Opponents contended it would elevate crime and negatively impact Florida’s family driven tourism image.
“Today’s action on the casino gambling bill is a resounding victory for those of us who have opposed this assault on Florida’s family friendly economy,” Aubuchon said. “Casino gambling was never about jobs. This was about casino bosses getting richer on the back of Florida’s families.”
In addition to allowing three casino resorts, Fresen’s bill, among other things, would have banned Internet cafes and lowered pari-mutuel tax rates.
“I had a pretty good instinct that it was probably the right move,” Fresen said after asking for the postponement.
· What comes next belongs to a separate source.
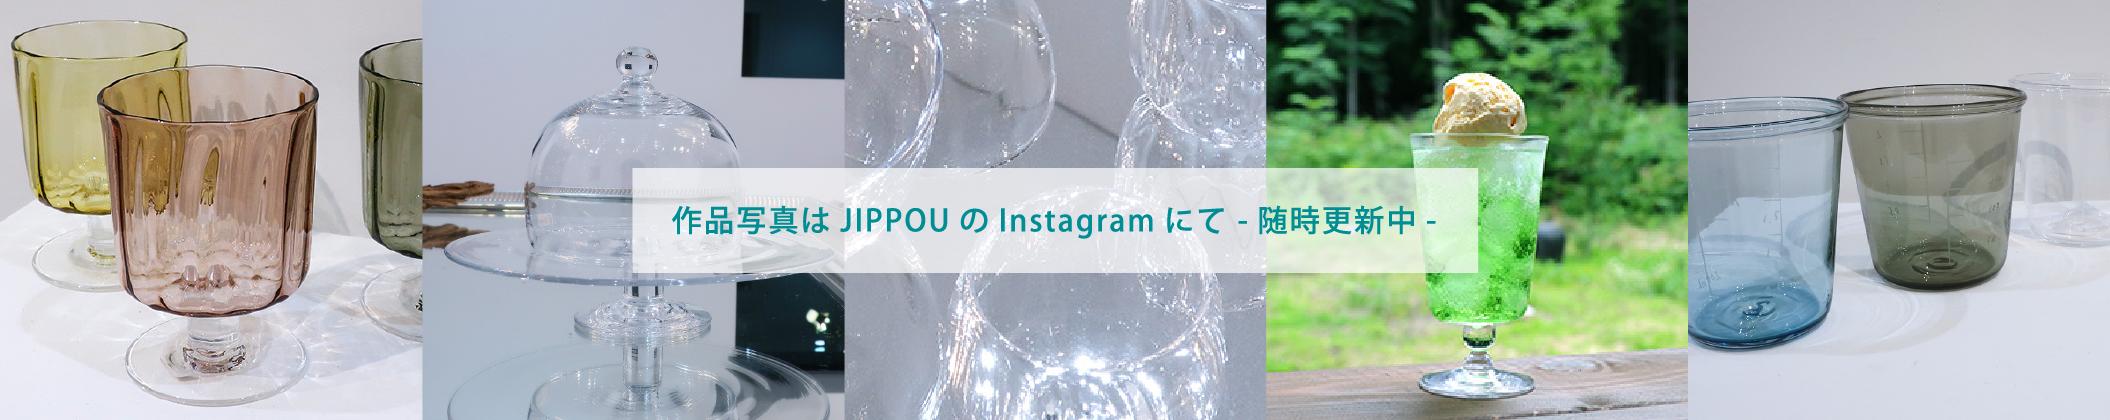 作品写真はJIPPOUのInstagramにて -随時更新中-

One lobbyist speculated that as many as 10 of the 15 members of the business affairs subcommittee would have voted no.
“Let’s recognize at the very least,” Fresen said, “that there’s something that needs to be done on gaming in the state of Florida … elimination is simply a fool’s dream and it will never happen in this state, unfortunately.”
The Havenick family also owns the Magic City Casino in Miami. Izzy Havenick said that building a $2 billion resort casino just two miles from his dog track and casino would likely push them out of business.
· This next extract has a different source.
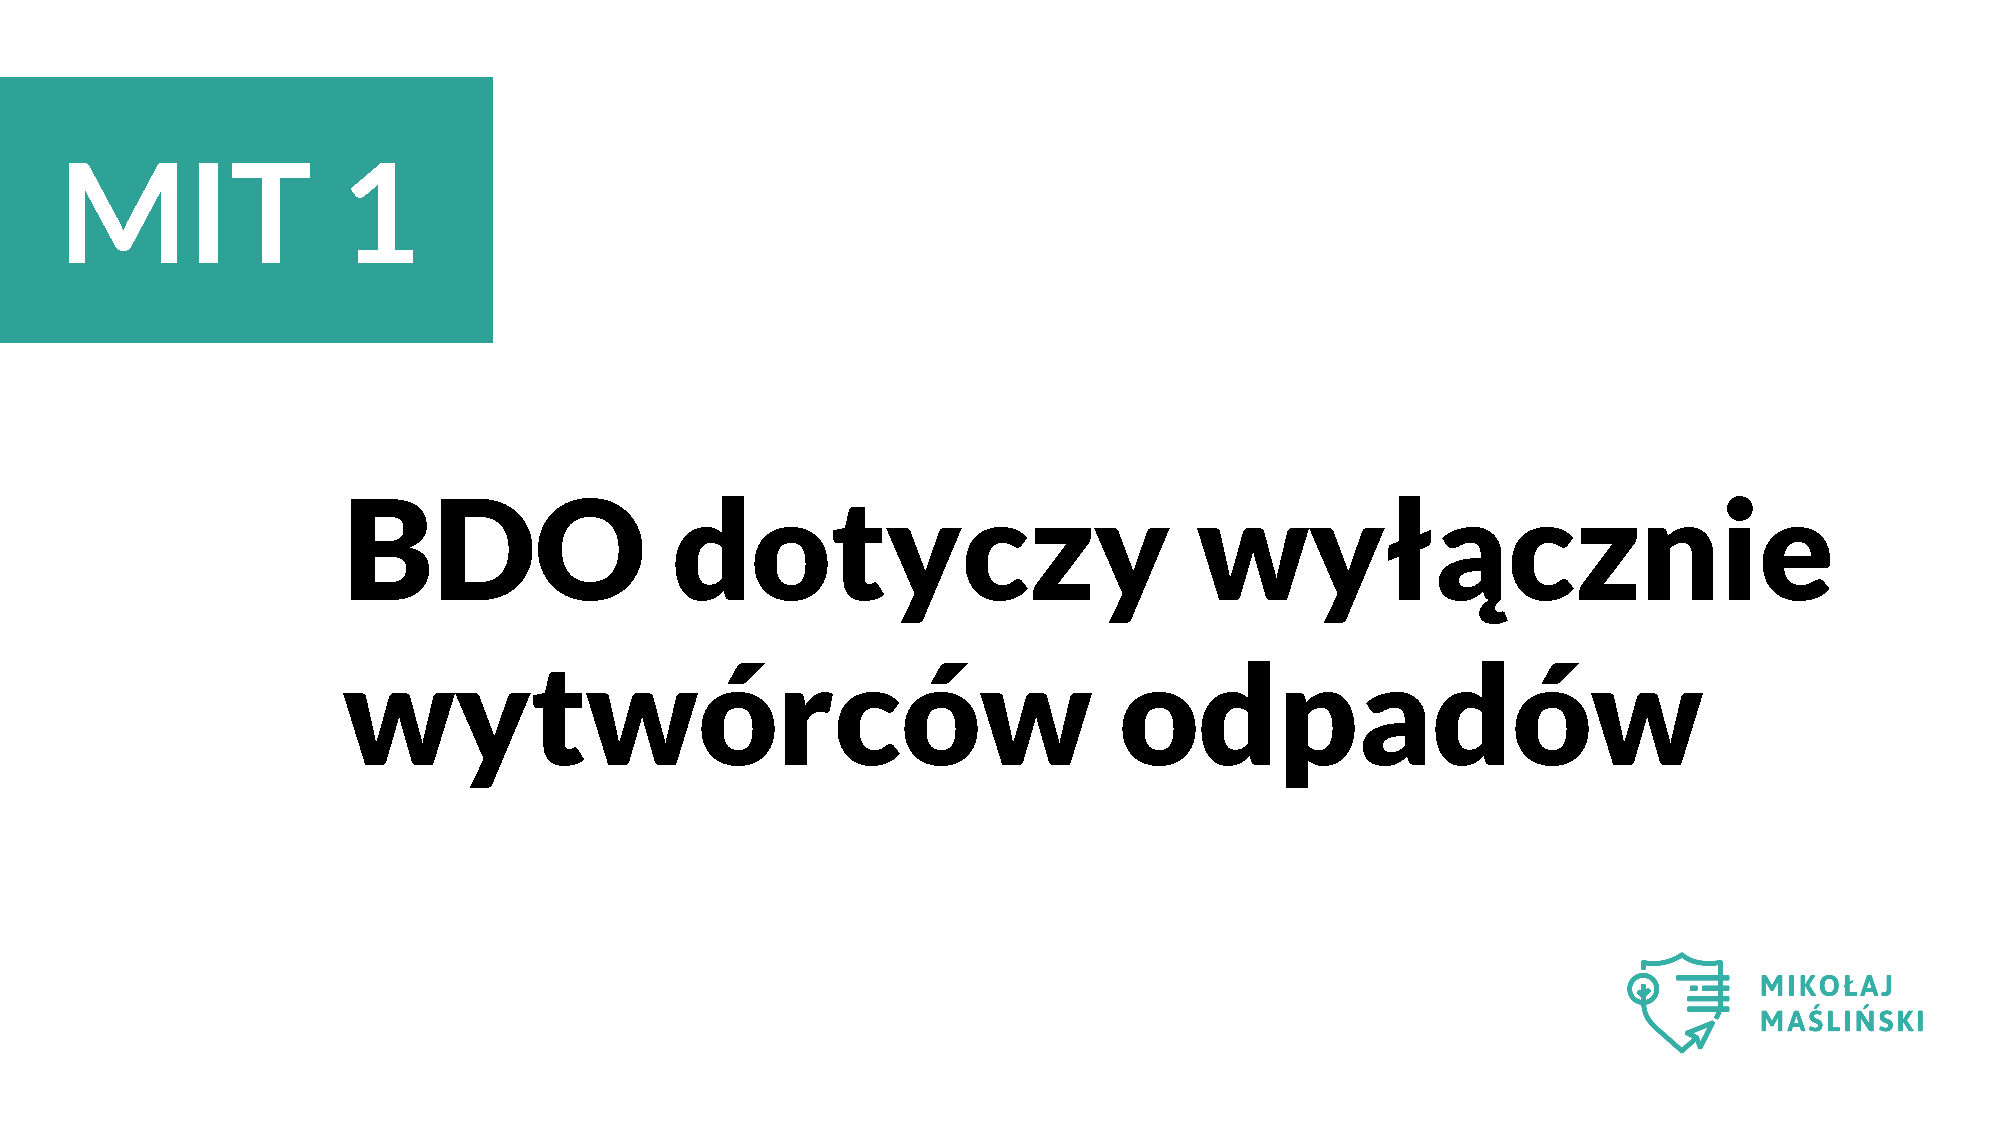 BDO Mikołaj Maśliński odpady

“Probably quickly,” Havenick said after the committee meeting.
Mike Horn, president of Champion Development, the company hoping to get in the resort casino business east of I-75 between Colonial Boulevard and State Road 82, said he wasn’t surprised about the House’s action.
“We are proceeding with our plans,” Horn said. “If the citizens of Lee County want it, we don’t want them to forget about us.”
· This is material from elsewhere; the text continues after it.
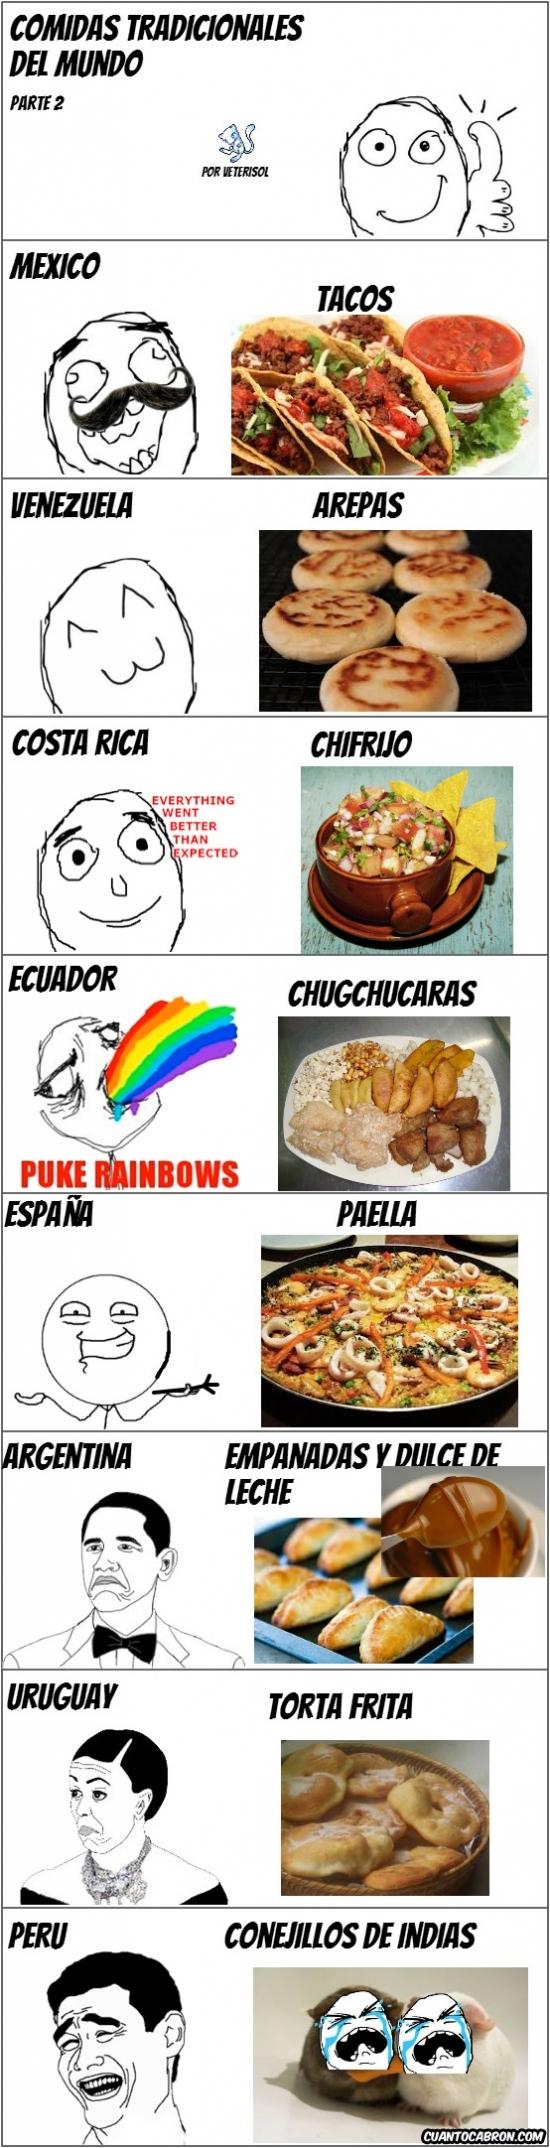 Mix - Alimentos del mundo, versión latina

Champion is in the midst of mailing thousands of petitions to Lee County voters, asking for their support to get on November’s ballot.
Most of Florida’s residents are likely satisfied that the Legislature won’t be dealing with the issue this year. A recent poll by Mason-Dixon showed that 81 percent of likely voters said that any proposed changes to state gambling laws should be decided in a statewide referendum, not by state lawmakers.
“People are saying they don’t like the idea of something this big being a backroom political deal,” said Brad Coker, whose company conducted the survey. “Instead, they’re saying, ‘We want to be able to decide this ourselves and weigh the merits.’”
Though Senate was to proceed with proposal, House committee didn't have the necessay votes.